Arnold Schoenberg is one of the most significant figures in 20th-century music. While his early works
were in a late Romantic style influenced by Wagner (Verklärte Nacht, 1899), this evolved into an
atonal idiom in the years before the First World War (Drei Klavierstücke in 1909 and Pierrot
lunaire in 1912). In 1921, after several years of research, he developed the twelve-tone technique of
composition, which he first described privately to his associates in 1923.[25] His first large-scale work
entirely composed using this technique was the Wind Quintet, Op. 26, written in 1923–24. Later
examples include the Variations for Orchestra, Op. 31 (1926–28), the Third and Fourth String
Quartets (1927 and 1936, respectively), the Violin Concerto (1936) and Piano Concerto (1942). In
later years, he intermittently returned to a more tonal style (Kammersymphonie no. 2, begun in 1906
but completed only in 1939; Variations on a Recitative for organ in 1941).

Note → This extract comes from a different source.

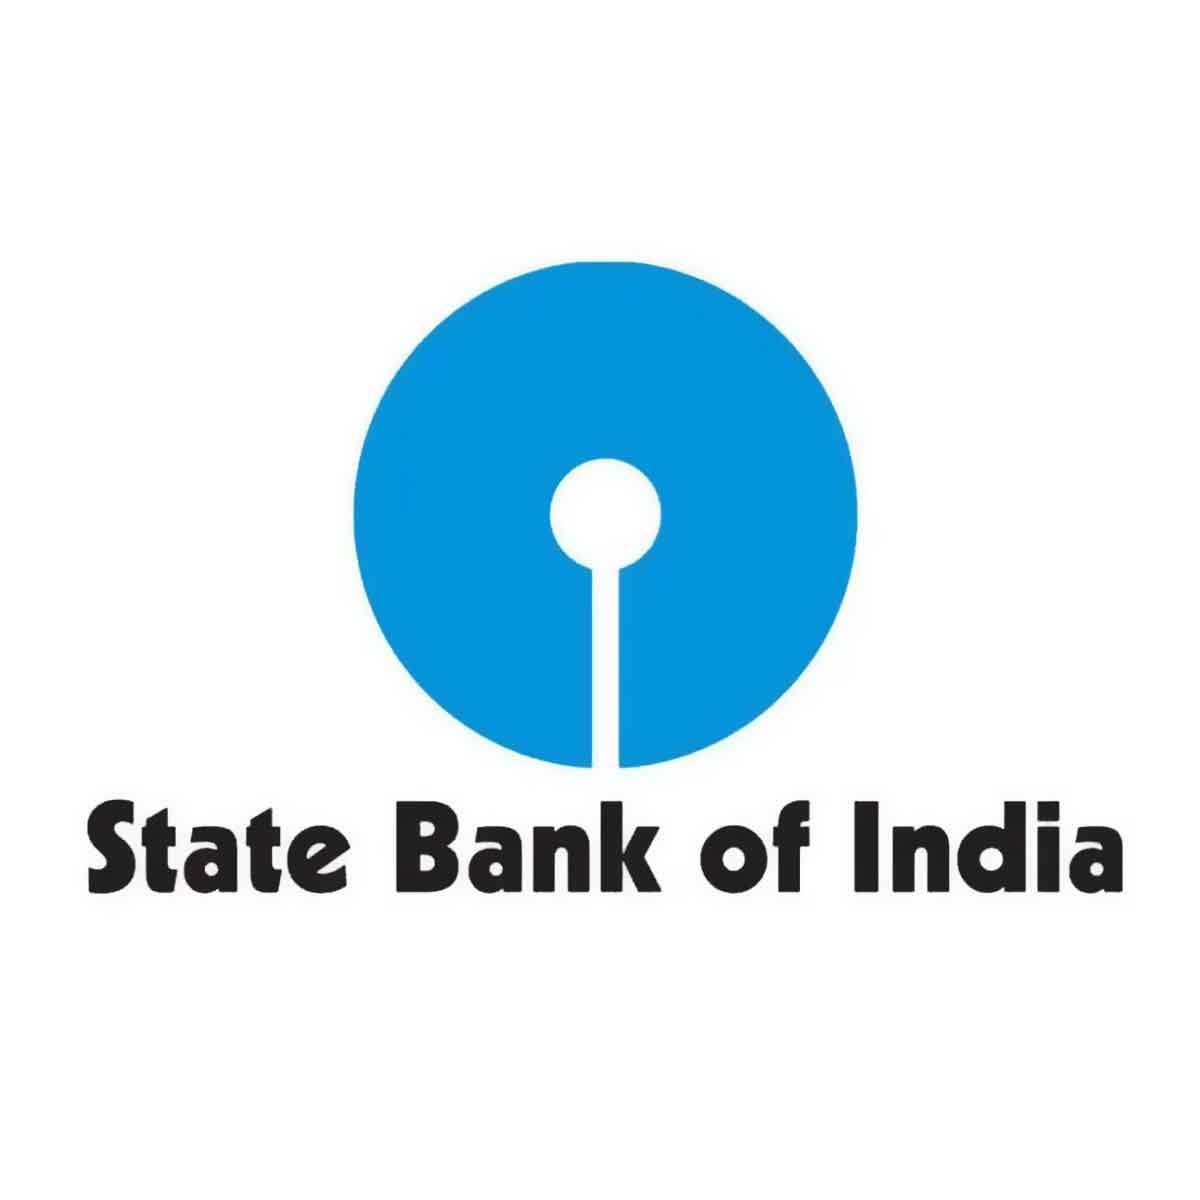 Sbi Cbo - Circle Based Officer Recruitment - State Bank Of India Job Vacancies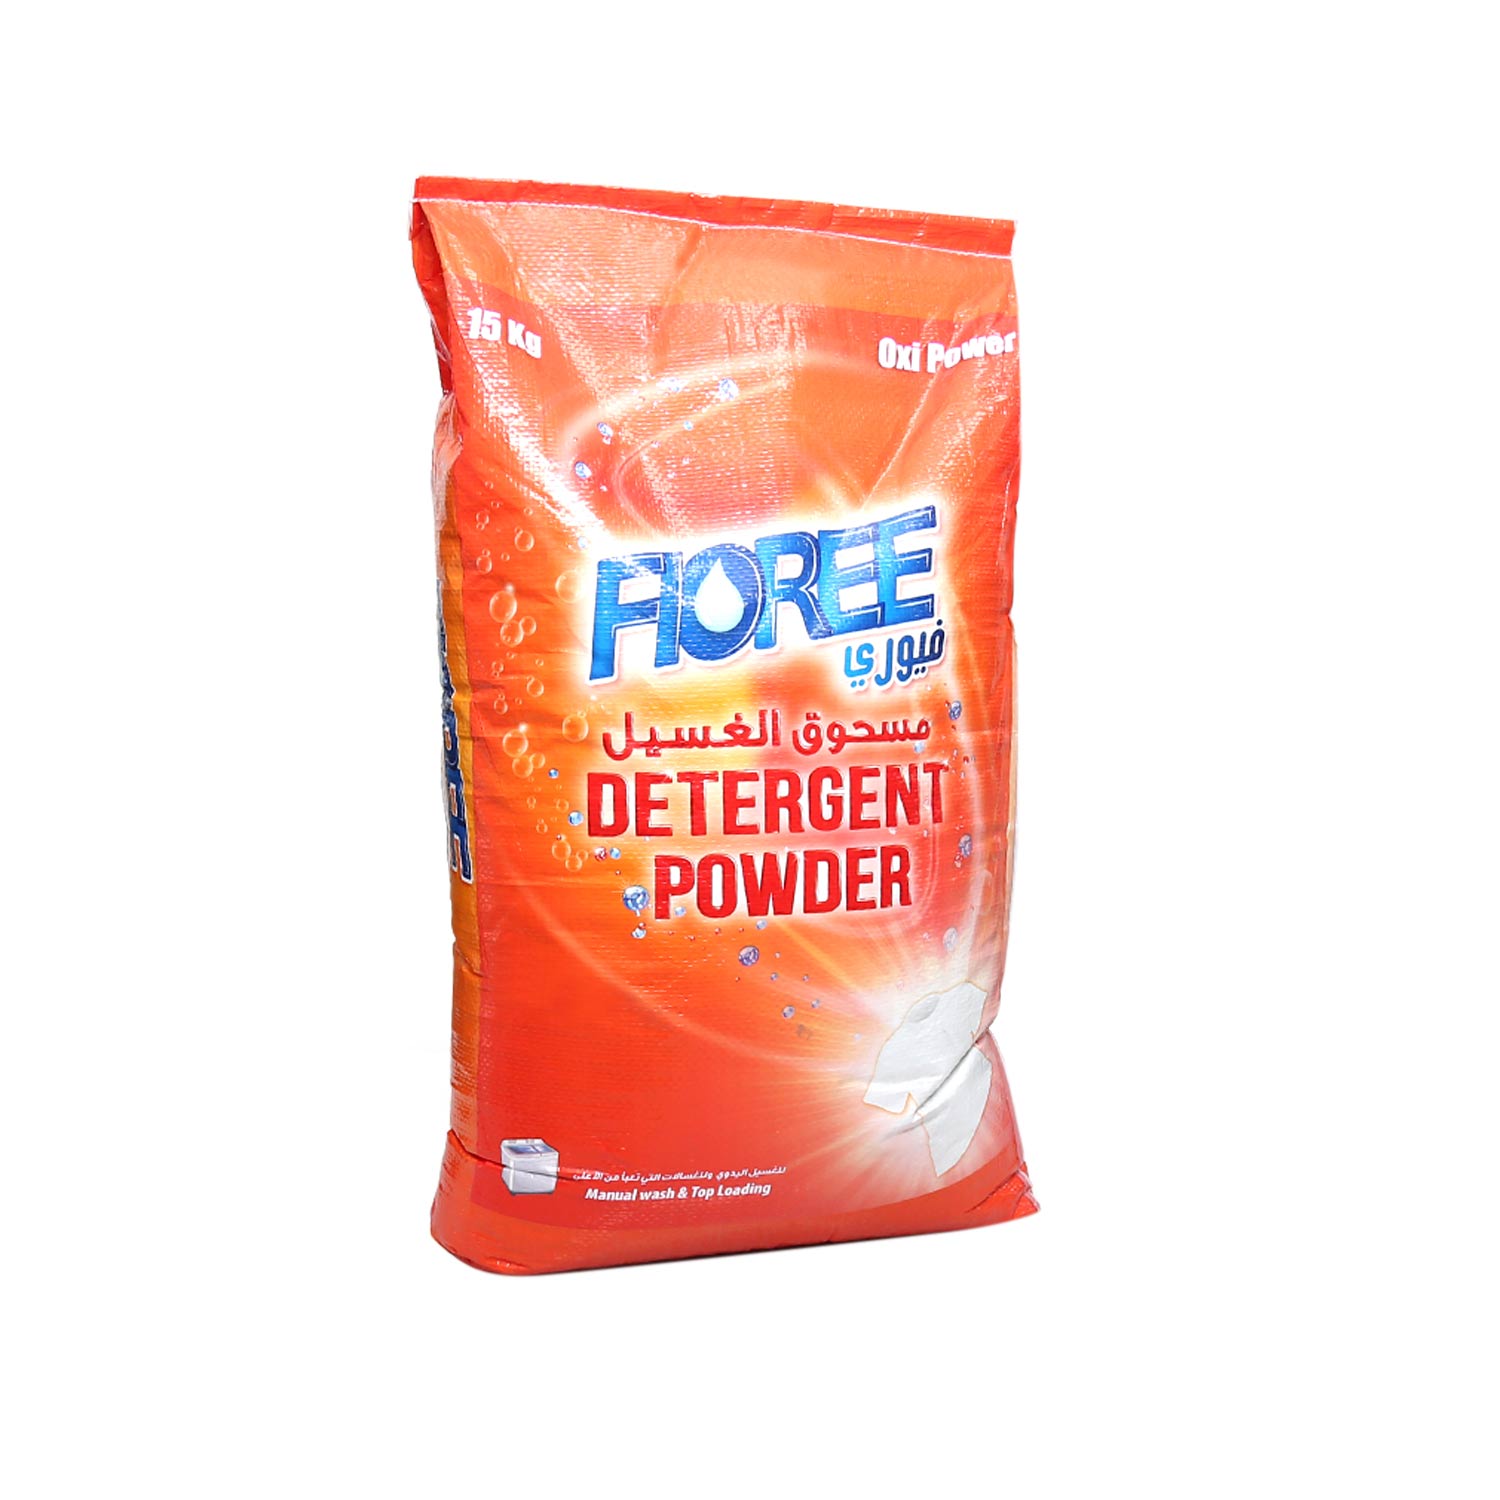 Fioree Detergent Powder (Oxi Power, 15 kg Woven Bag)

He taught Anton Webern and Alban Berg and these three composers are often referred to as the
principal members of the Second Viennese School (Haydn, Mozart and Beethoven—and sometimes
Schubert—being regarded as the First Viennese School in this context). Webern wrote works using
a rigorous twelve-tone method and influenced the development of total serialism. Berg, like
Schoenberg, employed twelve-tone technique within a late-romantic or post-romantic style (Violin
Concerto, which quotes a Bach Choral and uses Classical form). He wrote two major operas
(Wozzeck and Lulu).

Electronic music
The development of recording technology made all sounds available for potential use as musical
material. Electronic music generally refers to a repertory of art music developed in the 1950s in
Europe, Japan, and the Americas. The increasing availability of magnetic tape in this decade
provided composers with a medium which allowed recording sounds and then manipulating them in
various ways. All electronic music depends on transmission via loudspeakers, but there are two
broad types: acousmatic music, which exists only in recorded form meant for loudspeaker listening,
and live electronic music, in which electronic apparatus are used to generate, transform, or trigger
sounds during performance by musicians using voices, traditional instruments, electro-acoustic
instruments, or other devices. Beginning in 1957, computers became increasingly important in this
field.[26] When the source material was acoustical sounds from the everyday world, the term musique
concrète was used; when the sounds were produced by electronic generators, it was
designated electronic music.
After the 1950s, the term "electronic music" came to be used for both types. Sometimes such
electronic music was combined with more conventional instruments, Edgard
Varèse's Déserts (1954), Stockhausen's Hymnen (1969), Claude Vivier's Wo bist du Licht! (1981),
and Mario Davidovsky's series of Synchronisms (1963–2006) are notable examples.